## EXERCISE PROMPT
Leave out the lines before the one with "car door lock"; output that line and all remaining lines of the records exactly.

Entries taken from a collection
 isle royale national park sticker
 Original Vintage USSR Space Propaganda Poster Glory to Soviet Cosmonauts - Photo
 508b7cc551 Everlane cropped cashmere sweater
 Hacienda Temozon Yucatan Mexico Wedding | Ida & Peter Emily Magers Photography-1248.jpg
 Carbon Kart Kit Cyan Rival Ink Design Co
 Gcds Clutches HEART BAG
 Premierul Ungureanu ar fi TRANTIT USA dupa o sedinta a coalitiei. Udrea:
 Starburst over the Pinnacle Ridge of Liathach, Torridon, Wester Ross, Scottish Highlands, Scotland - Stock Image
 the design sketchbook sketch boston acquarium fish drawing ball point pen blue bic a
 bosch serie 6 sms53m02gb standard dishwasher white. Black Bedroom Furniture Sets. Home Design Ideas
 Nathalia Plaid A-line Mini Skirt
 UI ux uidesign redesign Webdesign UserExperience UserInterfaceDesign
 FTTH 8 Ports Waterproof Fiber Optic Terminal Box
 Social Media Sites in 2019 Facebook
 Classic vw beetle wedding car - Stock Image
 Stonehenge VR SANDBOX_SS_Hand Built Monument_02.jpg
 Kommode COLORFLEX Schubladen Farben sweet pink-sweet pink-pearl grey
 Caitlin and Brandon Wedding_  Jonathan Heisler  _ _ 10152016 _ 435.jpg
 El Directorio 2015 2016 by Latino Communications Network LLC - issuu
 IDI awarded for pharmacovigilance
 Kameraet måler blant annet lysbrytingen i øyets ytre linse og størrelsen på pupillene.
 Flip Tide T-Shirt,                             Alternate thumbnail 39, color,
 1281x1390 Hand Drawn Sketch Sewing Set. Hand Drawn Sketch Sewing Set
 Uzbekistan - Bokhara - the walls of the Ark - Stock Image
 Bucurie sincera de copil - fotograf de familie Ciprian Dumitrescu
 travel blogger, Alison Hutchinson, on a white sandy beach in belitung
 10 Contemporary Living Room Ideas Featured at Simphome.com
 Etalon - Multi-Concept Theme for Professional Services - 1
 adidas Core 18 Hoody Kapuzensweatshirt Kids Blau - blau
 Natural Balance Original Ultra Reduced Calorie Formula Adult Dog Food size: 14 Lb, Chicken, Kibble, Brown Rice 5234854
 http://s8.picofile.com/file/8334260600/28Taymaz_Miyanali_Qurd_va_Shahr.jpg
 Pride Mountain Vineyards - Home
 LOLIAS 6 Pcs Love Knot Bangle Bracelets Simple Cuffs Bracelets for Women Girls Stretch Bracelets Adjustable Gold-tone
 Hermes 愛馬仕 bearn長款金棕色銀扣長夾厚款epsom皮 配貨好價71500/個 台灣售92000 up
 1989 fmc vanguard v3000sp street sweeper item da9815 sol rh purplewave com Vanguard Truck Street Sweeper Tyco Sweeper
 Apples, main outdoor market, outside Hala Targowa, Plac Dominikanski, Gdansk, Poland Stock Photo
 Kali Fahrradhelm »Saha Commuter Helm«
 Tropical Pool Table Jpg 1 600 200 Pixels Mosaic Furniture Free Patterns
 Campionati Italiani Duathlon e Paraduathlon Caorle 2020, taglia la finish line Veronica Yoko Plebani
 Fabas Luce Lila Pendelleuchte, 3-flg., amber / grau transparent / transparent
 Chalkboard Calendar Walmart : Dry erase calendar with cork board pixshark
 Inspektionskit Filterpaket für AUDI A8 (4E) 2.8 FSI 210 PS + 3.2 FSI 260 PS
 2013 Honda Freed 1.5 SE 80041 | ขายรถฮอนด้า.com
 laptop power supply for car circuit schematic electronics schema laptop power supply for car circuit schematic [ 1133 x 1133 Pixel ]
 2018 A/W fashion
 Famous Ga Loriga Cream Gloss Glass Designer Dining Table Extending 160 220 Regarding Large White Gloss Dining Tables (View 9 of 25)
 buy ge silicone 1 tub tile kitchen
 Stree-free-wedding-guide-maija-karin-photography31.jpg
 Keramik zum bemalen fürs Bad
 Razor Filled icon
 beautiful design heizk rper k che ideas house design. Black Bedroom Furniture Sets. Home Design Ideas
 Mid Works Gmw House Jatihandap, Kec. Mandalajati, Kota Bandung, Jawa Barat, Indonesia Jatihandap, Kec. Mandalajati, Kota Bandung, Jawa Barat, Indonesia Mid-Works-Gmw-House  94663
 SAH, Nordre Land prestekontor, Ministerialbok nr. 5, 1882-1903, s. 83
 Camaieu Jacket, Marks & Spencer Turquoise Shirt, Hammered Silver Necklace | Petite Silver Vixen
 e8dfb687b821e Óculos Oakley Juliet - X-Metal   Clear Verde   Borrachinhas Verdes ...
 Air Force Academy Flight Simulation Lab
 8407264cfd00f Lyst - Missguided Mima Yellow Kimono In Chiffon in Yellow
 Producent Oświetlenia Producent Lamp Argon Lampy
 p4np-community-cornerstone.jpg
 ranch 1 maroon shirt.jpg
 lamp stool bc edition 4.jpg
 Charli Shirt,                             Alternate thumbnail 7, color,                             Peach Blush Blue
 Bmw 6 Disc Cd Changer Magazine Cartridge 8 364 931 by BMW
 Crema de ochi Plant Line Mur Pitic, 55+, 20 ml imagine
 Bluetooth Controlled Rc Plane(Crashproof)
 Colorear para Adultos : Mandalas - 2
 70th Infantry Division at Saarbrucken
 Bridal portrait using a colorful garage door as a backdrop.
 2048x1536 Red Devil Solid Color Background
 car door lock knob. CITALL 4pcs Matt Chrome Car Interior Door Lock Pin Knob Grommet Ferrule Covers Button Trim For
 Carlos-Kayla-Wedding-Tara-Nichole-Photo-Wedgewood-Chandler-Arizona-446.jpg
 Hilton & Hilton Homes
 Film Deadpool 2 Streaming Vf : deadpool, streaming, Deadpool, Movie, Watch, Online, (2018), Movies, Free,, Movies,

## ANSWER TO THIS TASK
 car door lock knob. CITALL 4pcs Matt Chrome Car Interior Door Lock Pin Knob Grommet Ferrule Covers Button Trim For
 Carlos-Kayla-Wedding-Tara-Nichole-Photo-Wedgewood-Chandler-Arizona-446.jpg
 Hilton & Hilton Homes
 Film Deadpool 2 Streaming Vf : deadpool, streaming, Deadpool, Movie, Watch, Online, (2018), Movies, Free,, Movies,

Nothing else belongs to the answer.